This 3 ECTS course provides an introduction to deep learning methods for computer vision. It covers the fundamentals of digital images and visual tasks, followed by convolutional neural networks and their application to image classification, object detection, semantic segmentation, and instance segmentation. The course concludes with an outlook on attention-based models in computer vision.
Deep Learning for Computer Vision

Training details
Location
UPC North Campus
Start Date
07/09/2026
End Date
16/10/2026
Target Audiance
Student-Focused
Teaching language(s)
English / Catalan / Spanish
Organizing institution
Universitat Politècnica de Catalunya
Delivery mode
Hybrid
Level
Intermediate
Topics / Keywords
Computer Vision, Deep Learning, Convolutional Neural Networks, Image Classification, Object Detection, Semantic Segmentation, Instance Segmentation, Transfer Learning, Vision Transformers
What You Will Learn
Learning objectives:
The main objectives of this course are to:
- Understand the fundamentals of digital images and core computer vision tasks
- Understand the principles of deep learning and representation learning for visual data
- Design, train, and evaluate convolutional neural networks for image analysis
- Apply modern CNN architectures using transfer learning and fine-tuning
- Understand object detection, semantic segmentation, and instance segmentation pipelines
- Become familiar with emerging attention-based approaches in computer vision
Learning outcomes:
By the end of this course, participants will be able to:
- Explain how digital images are represented and processed by neural networks
- Distinguish between image classification, object detection, semantic segmentation, and instance segmentation
- Train and evaluate convolutional neural networks for image classification tasks
- Apply transfer learning using modern deep learning architectures
- Understand detection and segmentation pipelines and their evaluation metrics
- Recognize current trends beyond convolution-based models in computer vision
Agenda
Agenda:
Week 1. Introduction to Computer Vision and Digital Images
- What is computer vision?
- Digital image representation
- Core computer vision tasks: classification, detection, semantic segmentation, instance segmentation
- From handcrafted features to deep learning
Week 2. Deep Learning Foundations
- From machine learning to deep learning
- Neural networks and nonlinear representation learning
- Loss functions and optimization
- Overfitting, regularization, and generalization
- Practical training strategies
Week 3. Convolutional Neural Networks and Architectures
- Convolution, pooling, activation, and normalization layers
- CNN architectures
- Transfer learning and fine-tuning
- Evaluation metrics for image classification
Week 4. Object Detection
- Problem formulation
- Two-stage and one-stage detectors (e.g. Faster R-CNN, YOLO)
- Evaluation metrics
Week 5. Semantic and Instance Segmentation
- Problem formulation
- Fully convolutional networks and U-Net-based architectures
- From detection to instance-level segmentation
- Instance segmentation architectures (e.g. Mask R-CNN)
- Evaluation metrics
Week 6. Attention Mechanisms and Vision Transformers
- Limitations of convolution-based approaches
- Attention mechanisms: intuition and motivation
- Vision Transformers (ViT): high-level overview
- CNNs vs Vision Transformers: strengths and limitations
Instructor name(s)
- Verónica Vilaplana
- Maria Ysern
- Sigrid Vila
Instructor's biography
Verónica Vilaplana is an Associate Professor at the Universitat Politècnica de Catalunya (UPC) and a member of the Intelligent Data Science and Artificial Intelligence Research Center (IDEAI). Her research focuses on deep learning and computer vision, with a strong emphasis on image segmentation, representation learning, and medical image analysis. She has extensive experience leading and participating in national and European research projects, as well as in teaching and supervising undergraduate, master’s, and doctoral students.
Course Description
This course is designed to provide a solid and self-contained foundation in deep learning for computer vision. Starting from the representation of digital images and the definition of core visual tasks, the course introduces the principles of deep learning and convolutional neural networks as the dominant paradigm for visual understanding.

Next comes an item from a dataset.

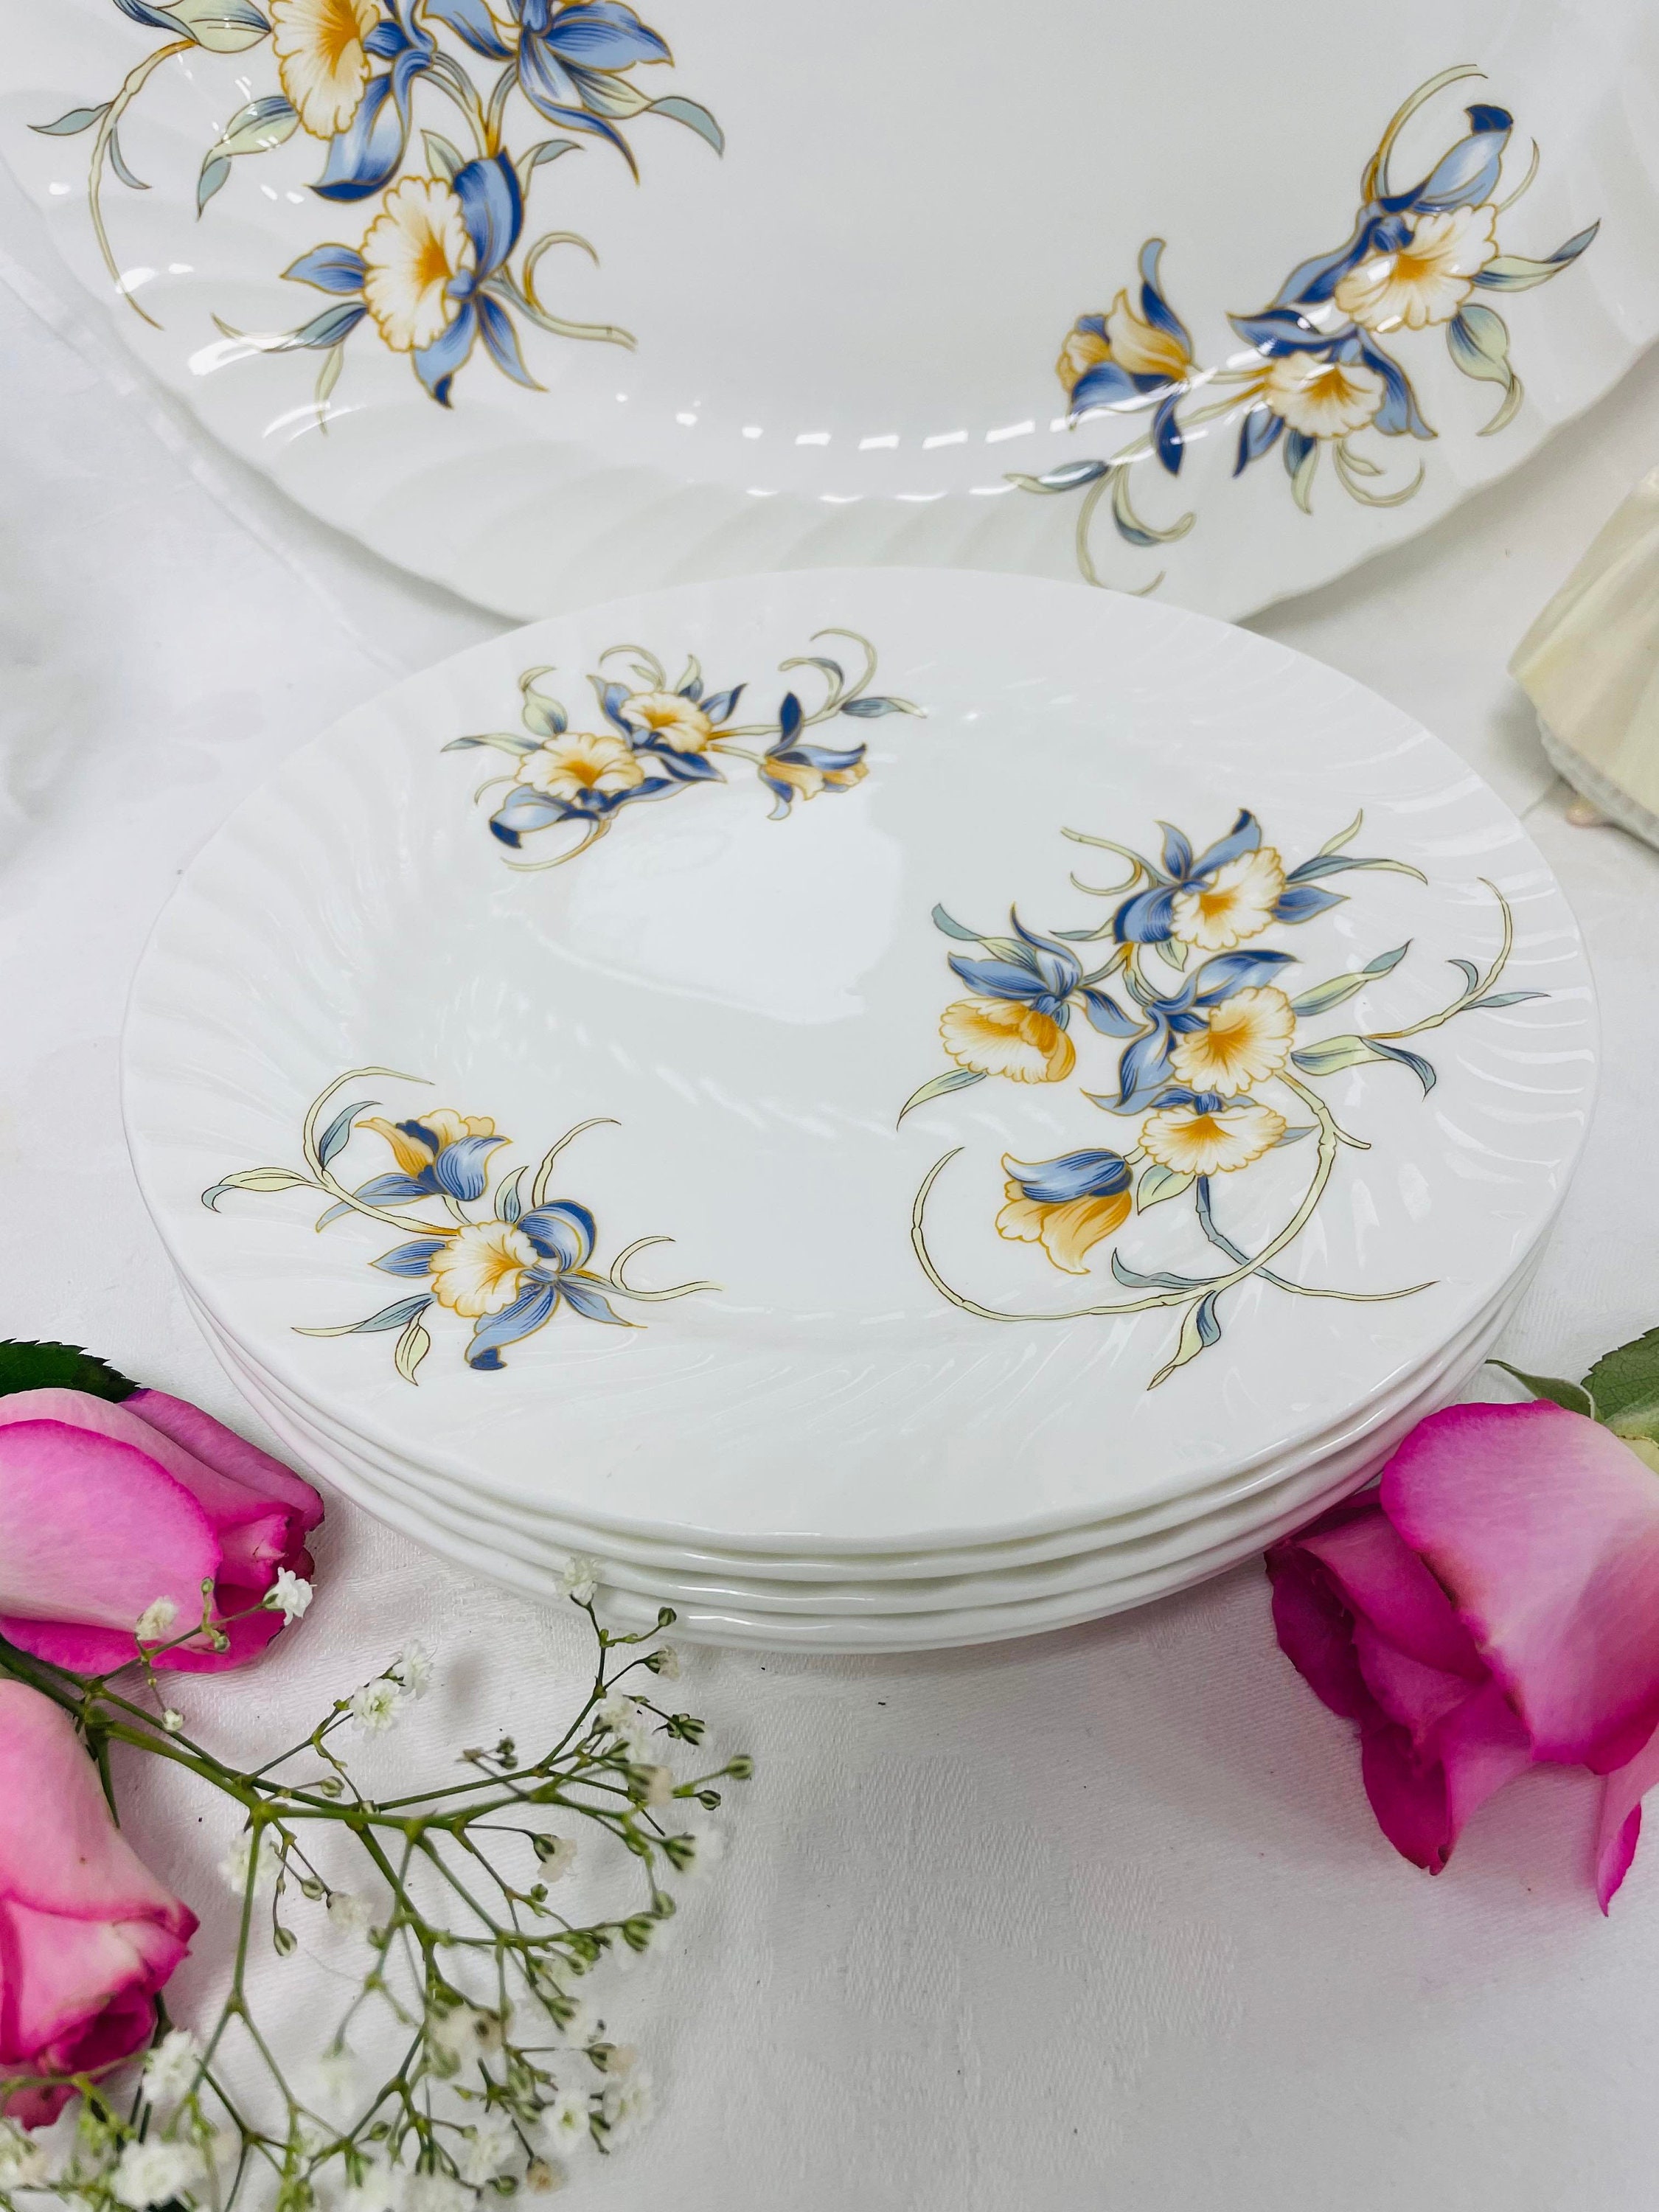 Buy Wholesale China Creative Crystal Glass Plate Salad Plates Cake Tray  Dinner Plates With Wide Gold Rim & Salad Plates,charger Plates,dinner Plates ,glass at USD 2.45

Participants will learn how modern CNN architectures are designed, trained, and evaluated, and how they are applied to key computer vision problems such as image classification, object detection, semantic segmentation, and instance segmentation. Practical considerations such as transfer learning, data augmentation, and evaluation metrics are emphasized throughout the course.
The course concludes with an overview of attention-based models and Vision Transformers, providing context on current trends in computer vision without assuming prior exposure to transformer architectures.
Prerequisites
Prerequisites:
- Basic programming skills in Python
- Introductory knowledge of machine learning
Certificate/badge details
Certificate of Achievement
Technical setup
Computer with internet access; access to open‑source tools; access to Google Colab.